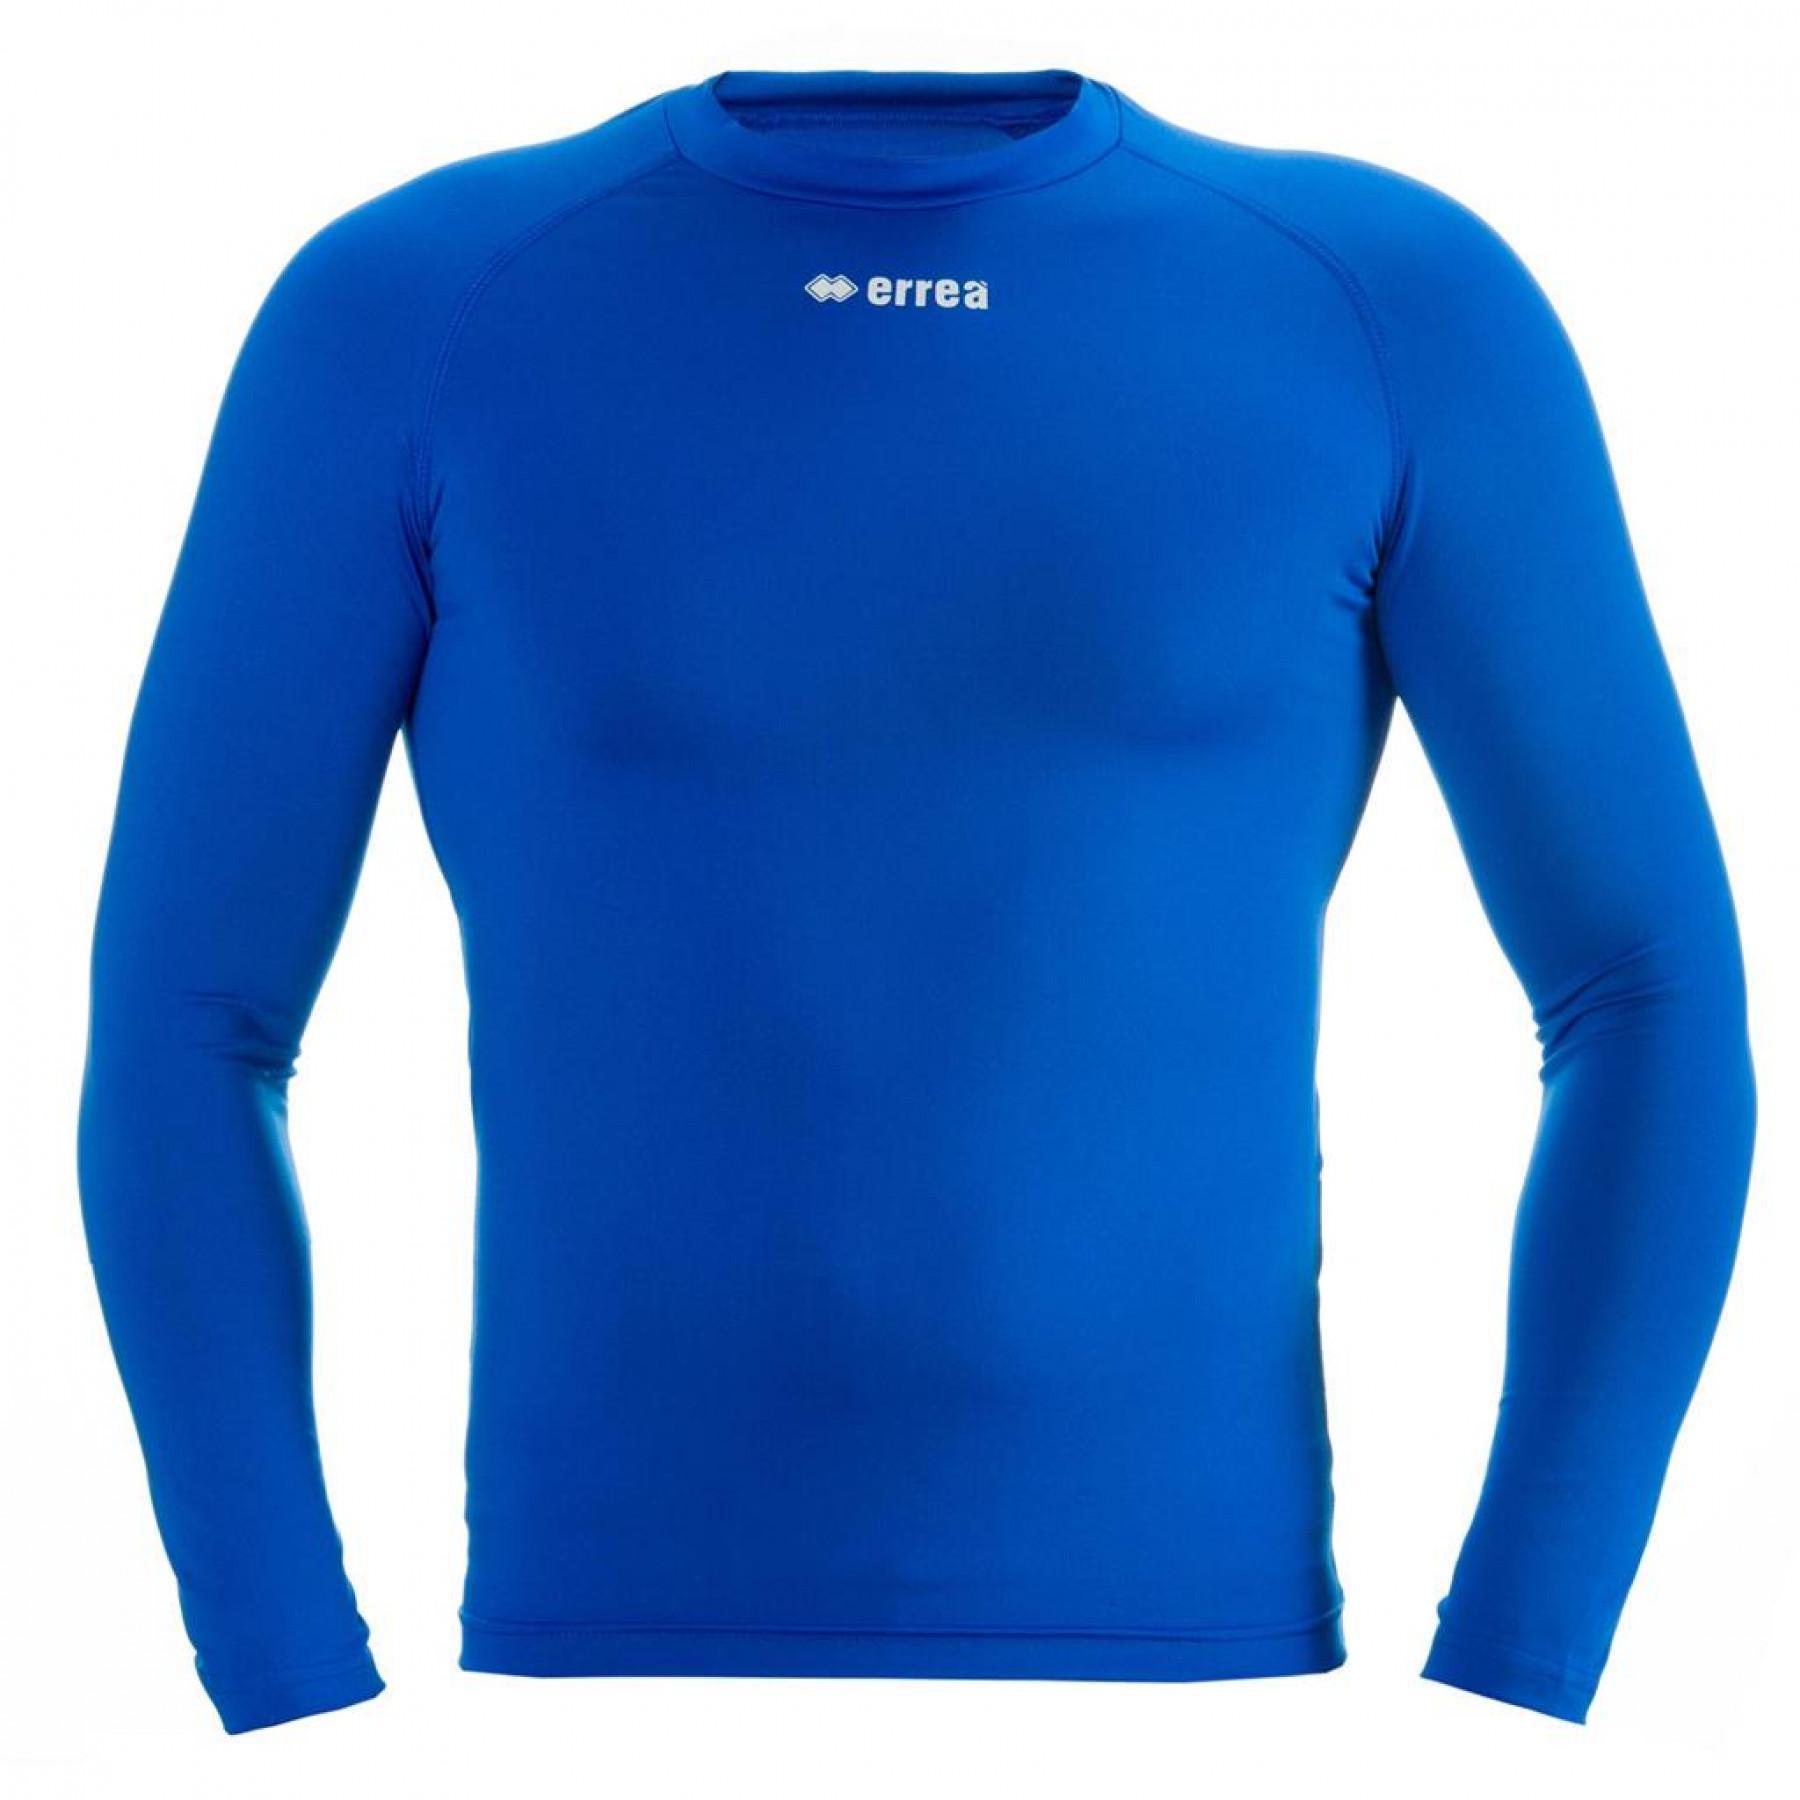 compression jersey long sleeve Junior Errea Ermes
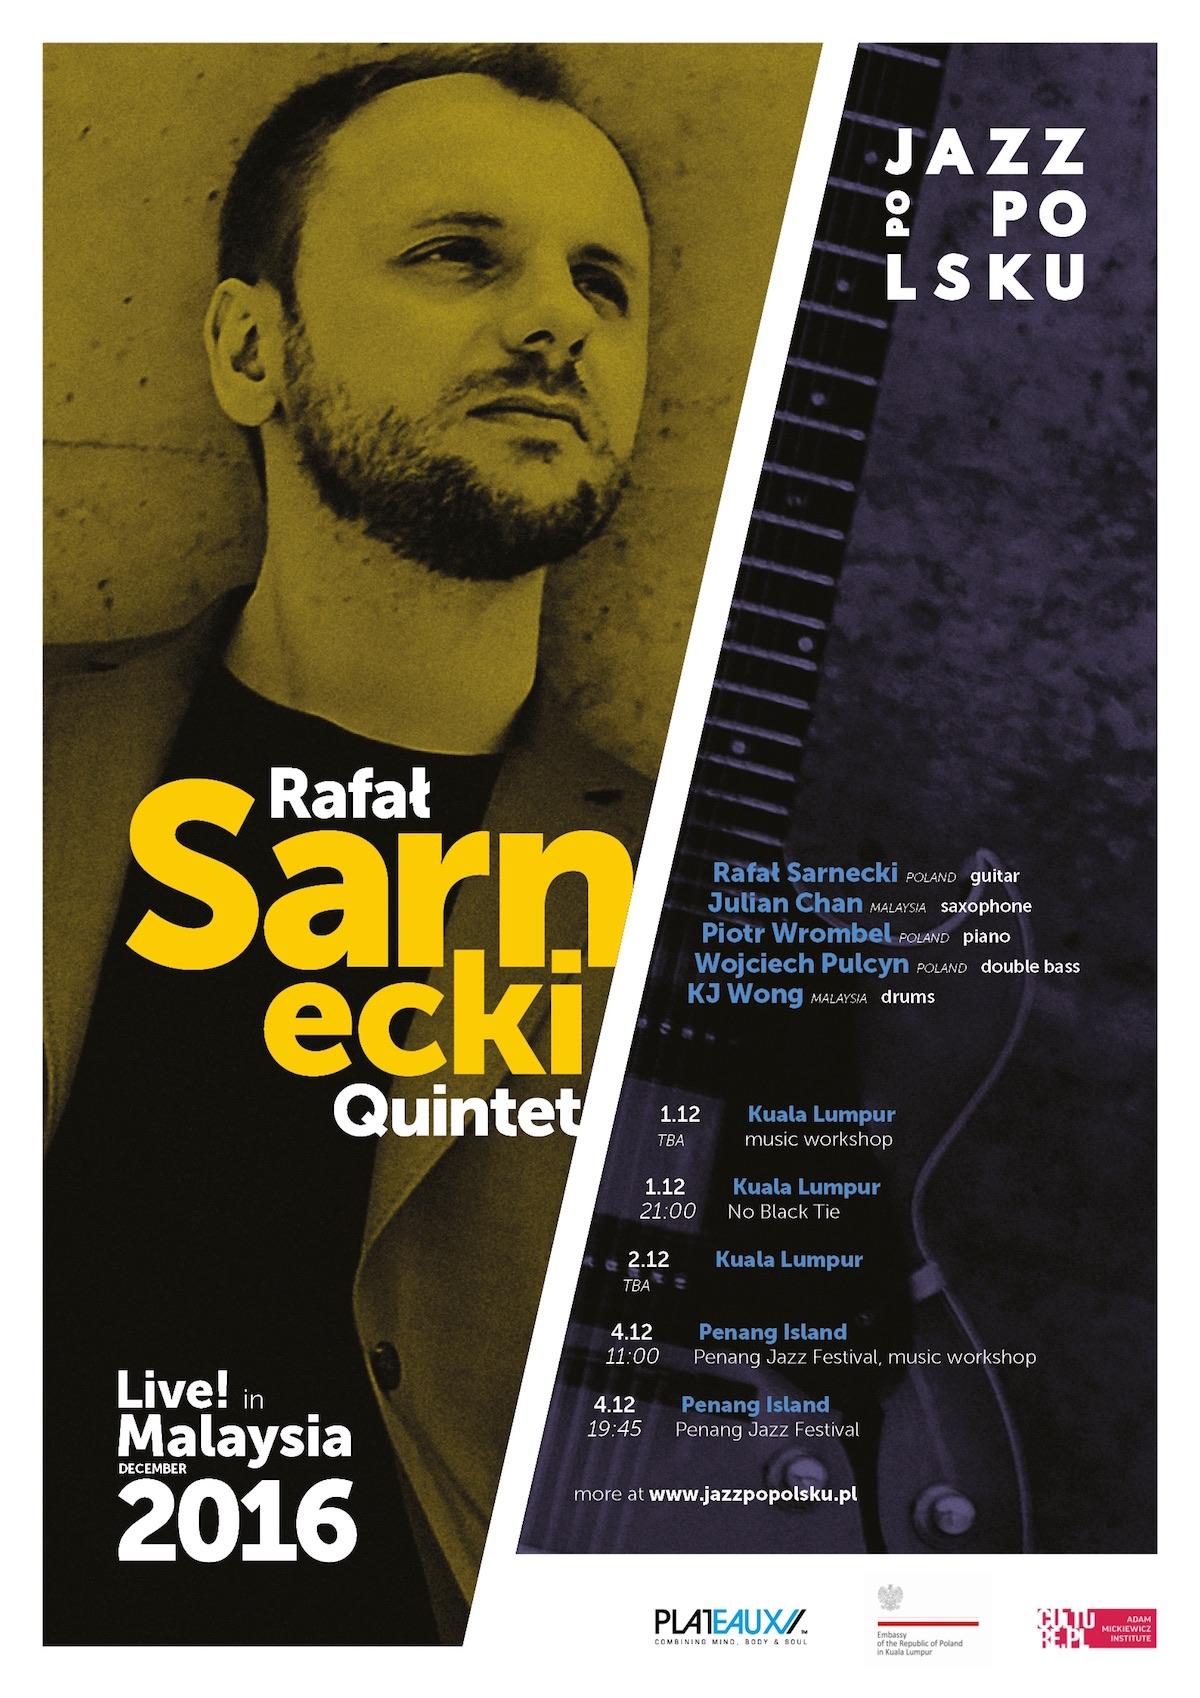 Rafał Sarnecki Live in Malaysia 2016
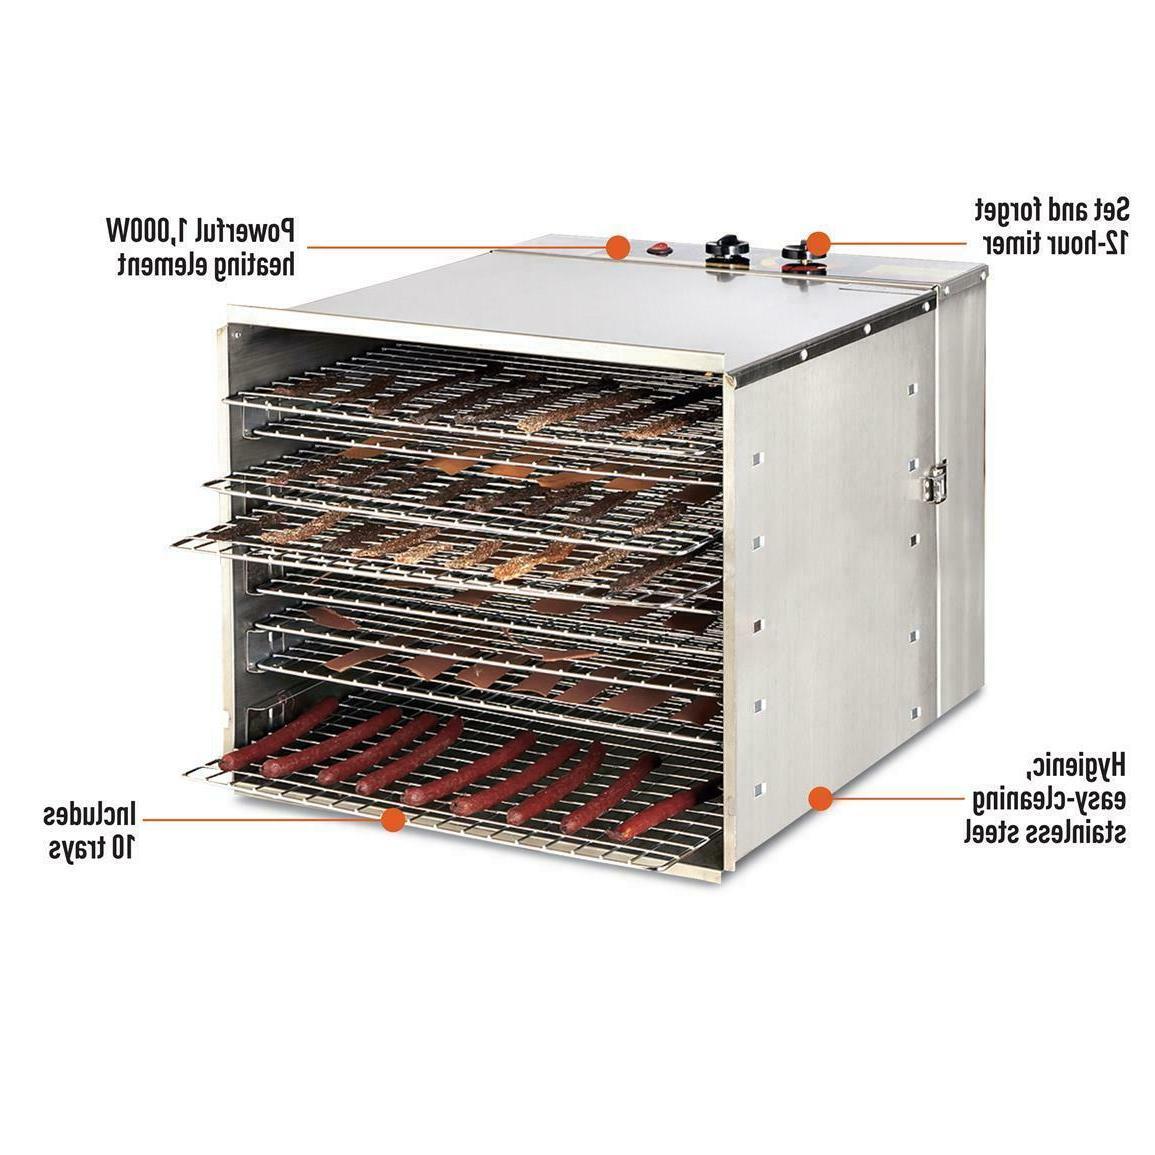 Food Dehydrator 10 Stainless Steel Jerky Meat Dryer Commercial

## To do
Ignore the images and quote every line of the listing exactly.

## Reply
 compression jersey long sleeve Junior Errea Ermes
 Rafał Sarnecki Live in Malaysia 2016
 Food Dehydrator 10 Stainless Steel Jerky Meat Dryer Commercial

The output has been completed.